Process control of electrospinning artificial fenestrated capillary vessels

Abstract

Rapid fabrication of capillary vessels is important for tissue engineering because local perfusion and oxygen exchange within the tissue depend on the network of capillaries which have diameters ranging from 5 to 10 µm. Fenestrated capillaries are microvessels that have surface pores of 80 to 100 nm in diameter. These capillaries are essential for many organs, such as small intestines, endocrine glands, and kidneys. In this paper, we presented a wet coaxial electrospinning technique for the rapid fabrication of porous microtubes as artificial fenestrated capillaries using polycaprolactone and polyethylene oxide. We characterized the effects of process parameters on the morphological features of these microtubes by regression modeling.
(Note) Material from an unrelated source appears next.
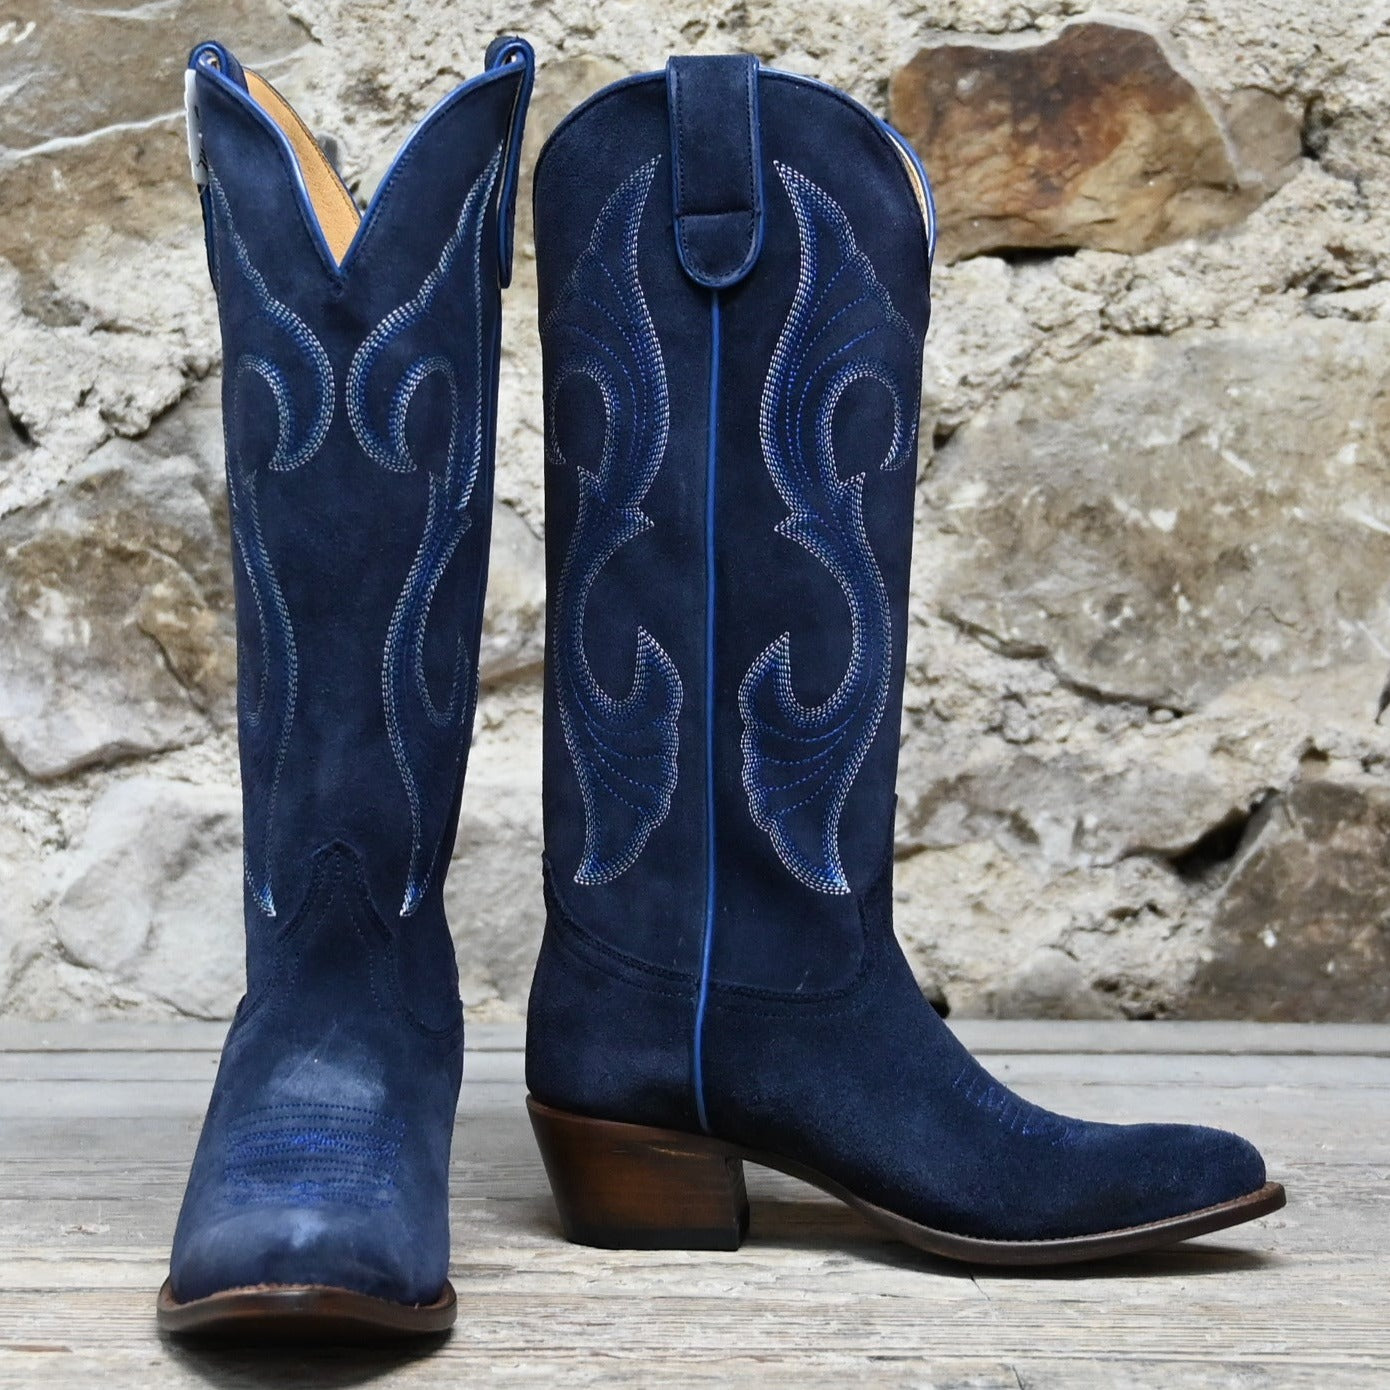 Macie Bean Midnight in Paris Boots in Marine Blue Suede view of front and side

Our study shows that the flow rate ratio of the core/sheath solutions and the viscosity of the sheath solution play a significant role in the outside diameter, wall thickness, and hollow area of the microtubes. In addition, the formation of surface pores is dominated by the humidity during the electrospinning. At the same humidity level, the size of the surface pores is positively correlated with the viscosity of the sheath solution and the outside diameter of the microtubes. Overall, this study established the process-property relationship for wet coaxial electrospinning of artificial fenestrated capillaries.